Is it a duck? Is it an egg?
It's not a riddle, it's an ancient, somewhat misunderstood Asian delicacy.
A long time ago, on a smallholding in the rich Jiangnan farmlands, a farmer went about his early morning egg-collecting chores. As he sought out the nooks and crannies on the farm, he suddenly discovered a well hidden nest where the mother duck had obviously been brooding.
Curious, the farmer went nearer and examined the eggs. They seemed to be all fertilized, and he decided a new brood of ducklings was definitely on the way. There were too many eggs in the nest, so he decided to remove a few, with the vague idea of getting another duck to incubate them.

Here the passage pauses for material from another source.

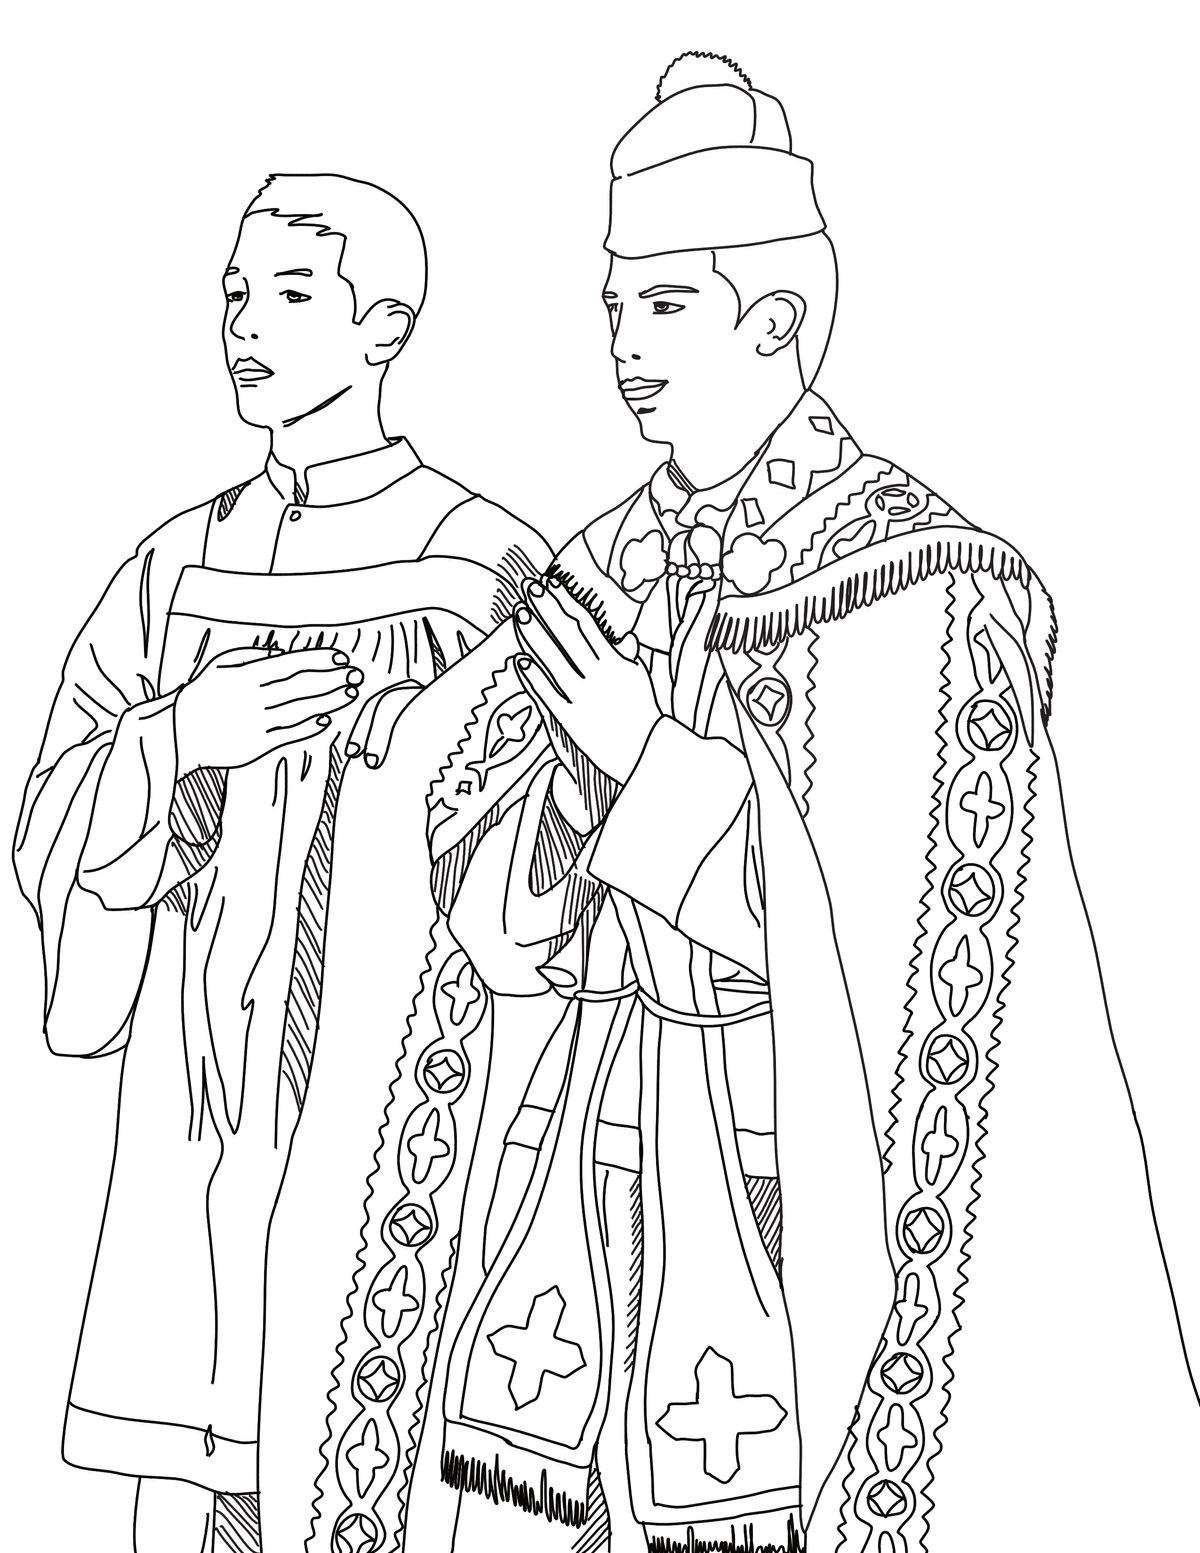 Latin Mass Procession to the Altar - Catholic Coloring Page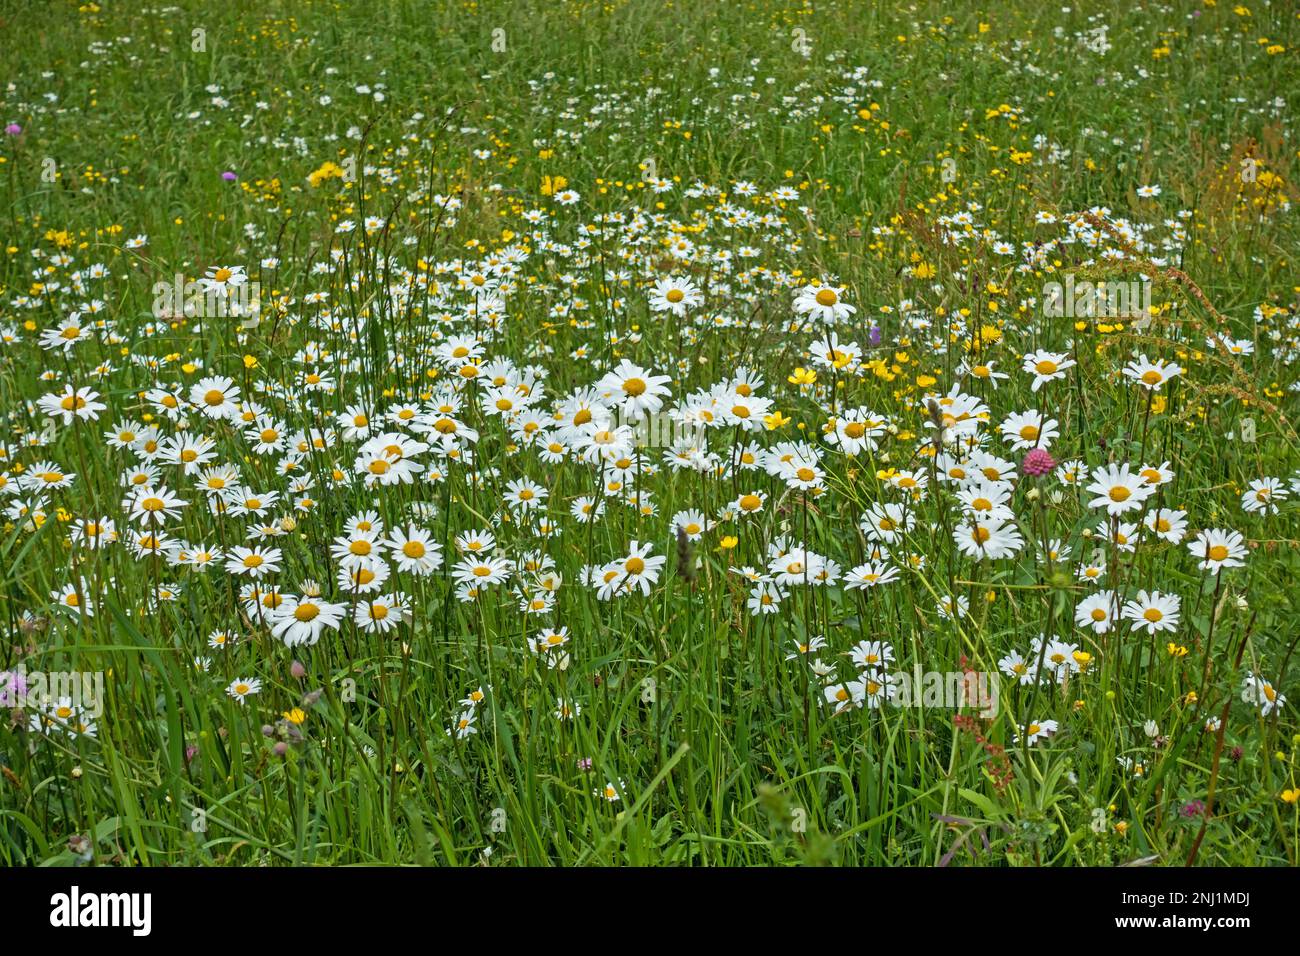 A multitude of white blooming daisies on a spring flower meadow in the alpine landscape of South Tyrol, Italy Stock Photo

As he walked back, he could have accidentally dropped an egg. It cracked but did not break.
It was nearing lunchtime, and so rather than waste the egg, the farmer's wife cooked it in the rice pot.
That could well be how the first maojidan, or "egg with fur", came about. A more elegant name is huozhuzi, or "living pearl". And these delicacies have been enjoyed in Southern China for as long as we can remember.
It is both egg, and meat since the embryo is half developed in the egg and the little bird is starting to form around the egg yolk.
When the southern Chinese emigrated to surrounding Southeast Asia, they brought this portable, nutritious snack along on the journeys. It took root best in the Philippines where it became known as balut. Vietnam sells these as popular street food, too, and calls them trunk vit lon. In Thailand, Cambodia and Laos, they are also commonly eaten.
From the first accidental discovery, the production of these embryonic snacks has come a long way.
Fertilized chicken or duck eggs can be used, but duck eggs are preferred since they are larger, and the meat and broth are tastier.